En mujeres con antecedente de cáncer de mama hormonodependiente, o en tratamiento con inhibidores de la aromatasa, esta decisión no se toma por libre ni con la información de un artículo: corresponde a su equipo de oncología, junto con ginecología, valorarla caso por caso. Lo que sí es común a todas las situaciones es empezar por las opciones sin hormonas y consultar antes de introducir cualquier producto hormonal, aunque sea de aplicación local. Por su parte, los productos sin hormonas no contienen principios activos hormonales y son la primera opción en la mayoría de las situaciones, también en mujeres con antecedente oncológico. Aun así conviene elegir los que no lleven parabenos, glicerina ni perfumes, que pueden irritar.
A largo plazo, el SGM es una condición crónica y progresiva. Sin tratamiento, la atrofia empeora. El uso continuado de estrógenos locales mantiene la salud del tejido vaginal de forma indefinida, mientras que los hidratantes requerirán un uso constante para mantener el alivio de los síntomas.
No hay una mejor universal. Para el uso diario se busca un hidratante vaginal (con ácido hialurónico o policarbofilo), sin perfume y con un pH acorde al vaginal. Si la molestia es sobre todo externa, una crema o gel para la vulva; si es interna, una crema con aplicador o un óvulo. Lo que más influye en el resultado no es la marca, sino la constancia: varias semanas de uso regular.
Los hidratantes, geles y óvulos sin hormonas son de venta libre en farmacia. Los productos vaginales que contienen estrógenos o prasterona sí requieren prescripción médica en España.

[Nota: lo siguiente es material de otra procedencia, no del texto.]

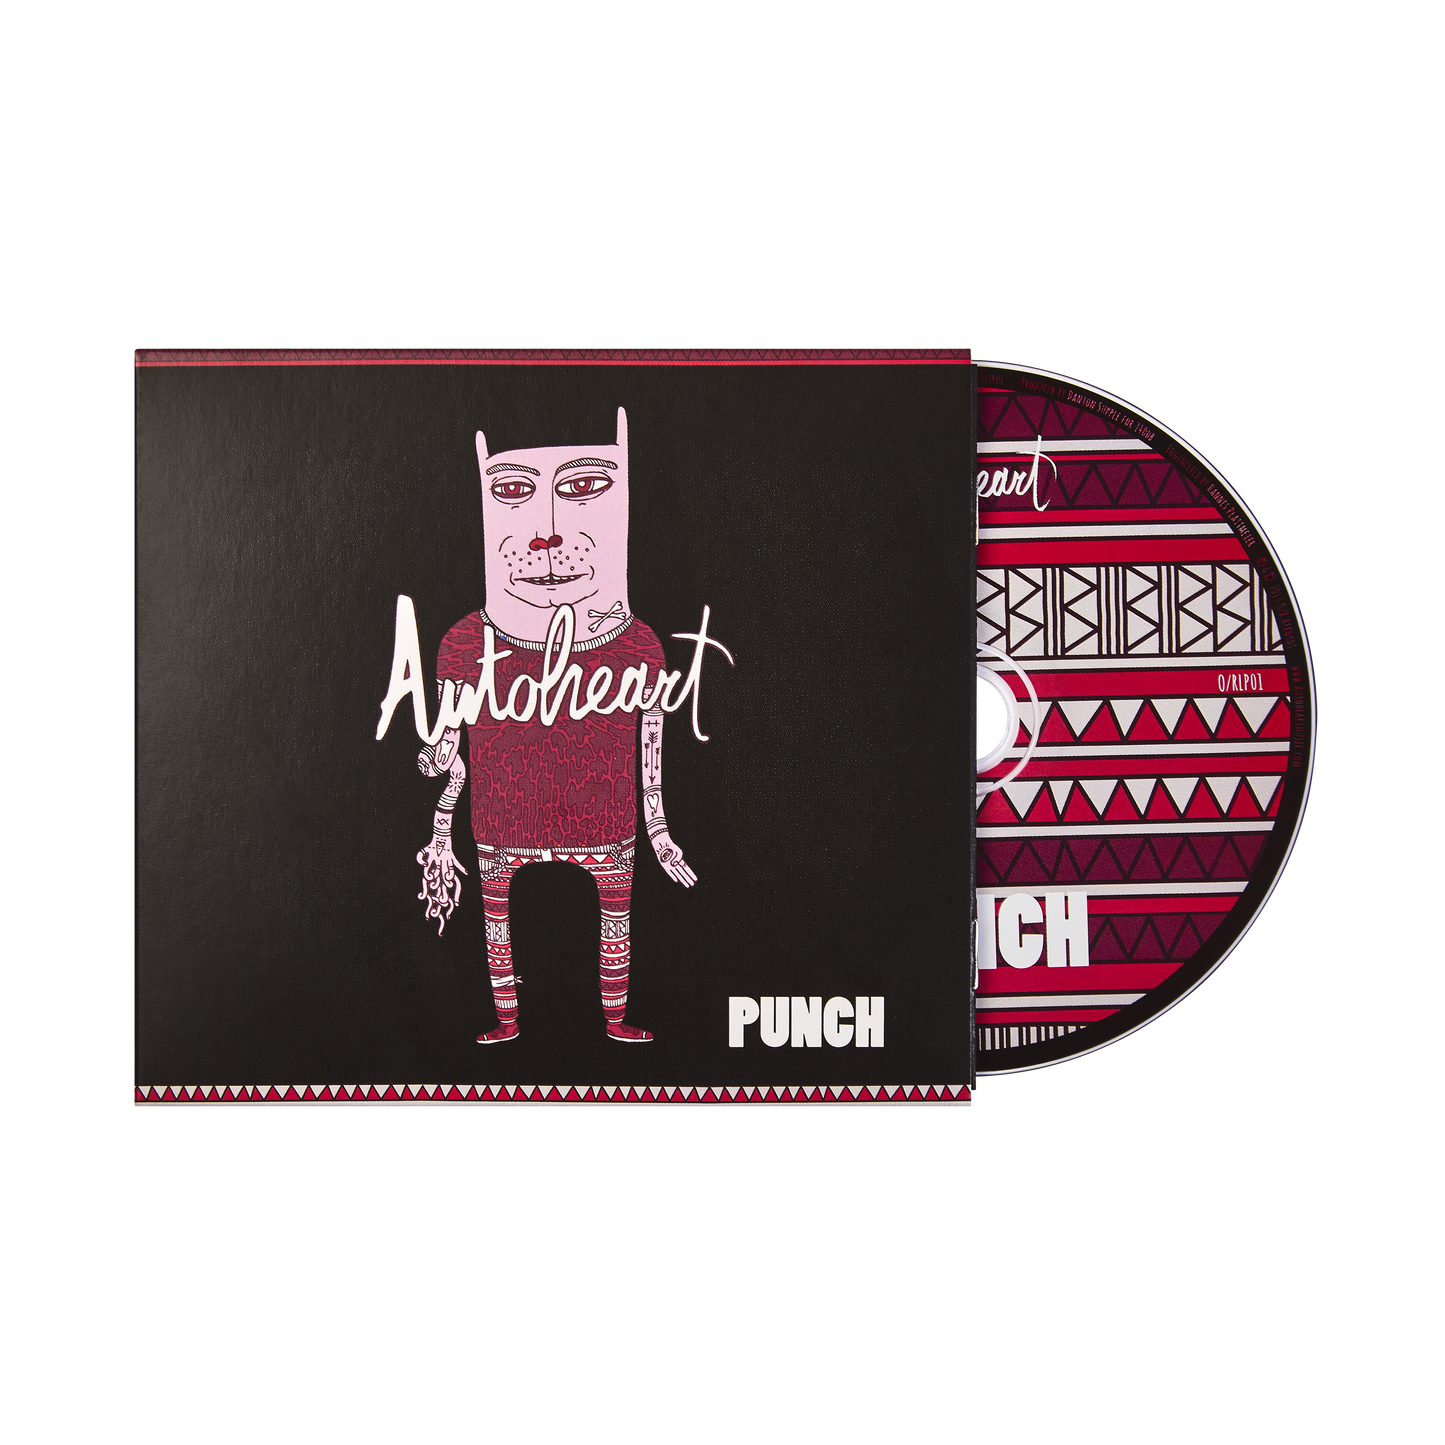 Punch - CD + Digital Download

Sí, son la misma molestia: resequedad es la forma más habitual en Latinoamérica y sequedad en España. Ambas describen la pérdida de humedad y elasticidad del tejido vulvovaginal que aparece al bajar los estrógenos.
Generalmente no es necesario usar ambos productos simultáneamente, ya que cumplen una función similar. Lo más habitual es elegir un formato y seguir su pauta. Sin embargo, se podría usar una crema hidratante para la vulva (externa) y un óvulo para el interior de la vagina si así lo recomienda un profesional.
Algunas cremas hidratantes, especialmente las que contienen aceites, pueden dañar el látex de los preservativos y diafragmas, reduciendo su eficacia. Es importante leer el prospecto del producto y, en caso de duda, optar por preservativos de poliuretano o consultar con un farmacéutico.
El alivio de los síntomas como el picor o la irritación puede notarse desde las primeras aplicaciones. Sin embargo, para una mejora significativa de la elasticidad y la salud general del tejido vaginal, se necesita un uso continuado durante varias semanas. La constancia es la clave.
Son productos muy seguros y bien tolerados. Los efectos secundarios son raros y suelen limitarse a una leve irritación o sensación de ardor al inicio del tratamiento, especialmente si la mucosa está muy fragilizada. Si la molestia persiste, se debe suspender su uso y consultar a un médico.
Un lubricante se usa puntualmente durante las relaciones sexuales para disminuir la fricción y facilitar la penetración. Su efecto es temporal. Un hidratante, en cambio, se usa de forma regular para restaurar la humedad de la vagina a largo plazo, mejorando la salud del tejido y aliviando la sequedad en el día a día.
Este artículo se apoya en organismos y sociedades científicas de referencia. Consulta siempre a tu profesional sanitario.